JAM-Pidum Dorong Restorative Justice Berbasis Kearifan Lokal Lewat Bale Kertha Adhyaksa di Bali

Hukum365 Dilihat

HukumID.co.id, Denpasar – Jaksa Agung Muda Tindak Pidana Umum (JAM-Pidum) Asep N. Mulyana memberikan sambutan dalam kegiatan Implementasi Komitmen Bersama Bale Kertha Adhyaksa Provinsi Bali yang dilaksanakan pada Senin, 30 Juni 2025. Kegiatan ini merupakan wujud sinergi antara Kejaksaan RI, Pemerintah Provinsi Bali, serta tokoh adat dan masyarakat, dalam mendorong penyelesaian perkara secara humanis melalui pendekatan keadilan restoratif (restorative justice) yang berbasis kearifan lokal.

Dalam sambutannya, JAM-Pidum menegaskan bahwa pembentukan Bale Kertha Adhyaksa adalah bentuk nyata komitmen Kejaksaan untuk menegakkan hukum yang adil, memulihkan, dan menghargai nilai-nilai budaya lokal.

“Restorative justice bukan semata-mata mekanisme hukum alternatif, melainkan pendekatan yang menyembuhkan luka sosial dan mengembalikan harmoni dalam masyarakat,” ujar Asep. Ia menambahkan, pendekatan ini sangat relevan di Bali yang menjunjung tinggi nilai musyawarah dan kedamaian.

Beberapa poin penting yang disampaikan JAM-Pidum dalam sambutannya antara lain:

* Pendekatan Restorative Justice melalui Bale Kertha Adhyaksa: Penyelesaian perkara secara musyawarah yang melibatkan tokoh masyarakat, agama, dan adat, dengan fokus pada pemulihan hubungan antar pihak melalui langkah seperti permintaan maaf, restitusi, atau pelayanan sosial.

* Relevansi dengan KUHP Baru: Asep menyebut bahwa Undang-Undang No. 1 Tahun 2023 (KUHP Baru) yang akan berlaku pada 2026 memperkuat dasar hukum pendekatan ini, terutama melalui Pasal 51 yang mengedepankan keadilan substantif dan pemulihan keseimbangan sosial.

* Integrasi Kearifan Lokal: Konsep *Tri Hita Karana* dan prinsip *Desa Kala Patra* disebut sebagai landasan budaya yang penting dalam menyelesaikan perkara hukum secara kontekstual di Bali. JAM-Pidum menilai, pendekatan ini tidak hanya memuliakan hukum, tetapi juga merawat jati diri lokal.

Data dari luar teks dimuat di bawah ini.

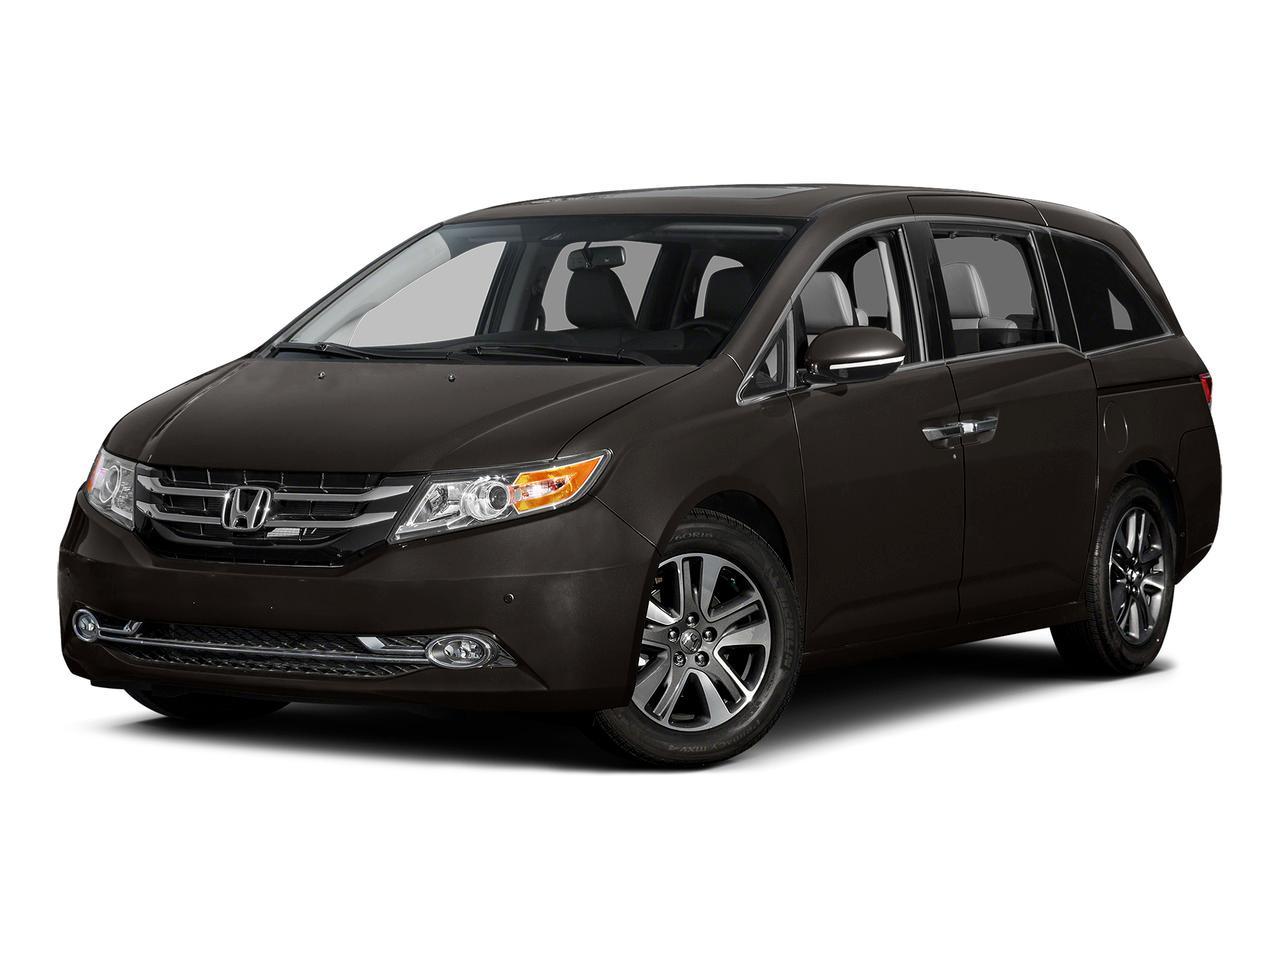 2015 Honda Odyssey Vehicle Photo in Carlisle, PA 17015

* Living Law dan Keadilan Kontekstual: Pasal 2 KUHP Baru yang mengakui hukum yang hidup dalam masyarakat (living law), menurut Asep, menjadi dasar pengakuan terhadap hukum adat selama tidak bertentangan dengan Pancasila dan HAM. Ini memberikan ruang legal bagi praktik keadilan restoratif di tingkat lokal.

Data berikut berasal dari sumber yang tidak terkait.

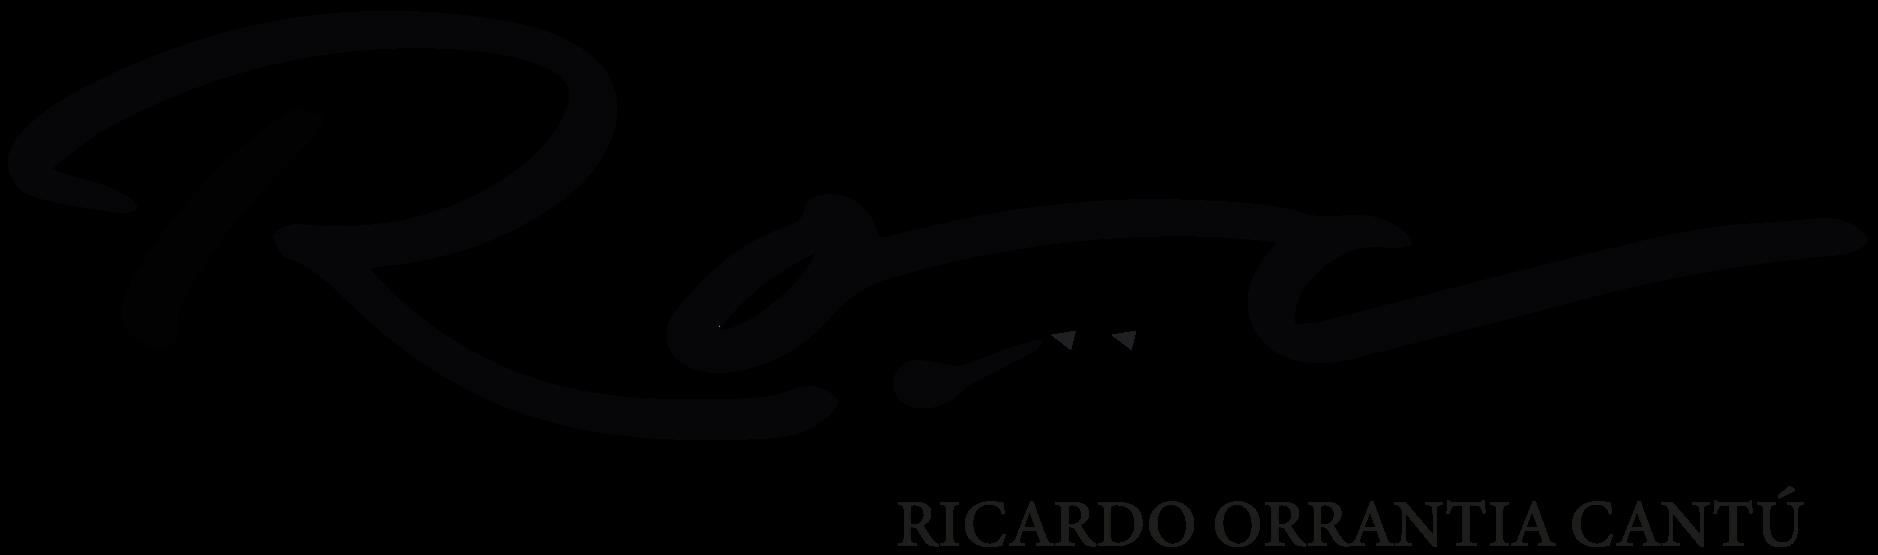 Ricardo Orrantia Cantu

* Kolaborasi Multi-Pihak: JAM-Pidum menekankan bahwa keberhasilan keadilan restoratif sangat bergantung pada kolaborasi antara Kejaksaan, pemerintah daerah, tokoh adat, dan masyarakat. Keberadaan Bale Kertha Adhyaksa merupakan simbol dari komitmen bersama untuk menciptakan sistem hukum yang adil dan humanis.

Sebagai penutup, JAM-Pidum menyampaikan apresiasi atas kerja sama lintas sektor yang terjalin di Bali. Ia berharap Bale Kertha Adhyaksa dapat menjadi model percontohan nasional dalam penerapan keadilan restoratif berbasis budaya lokal.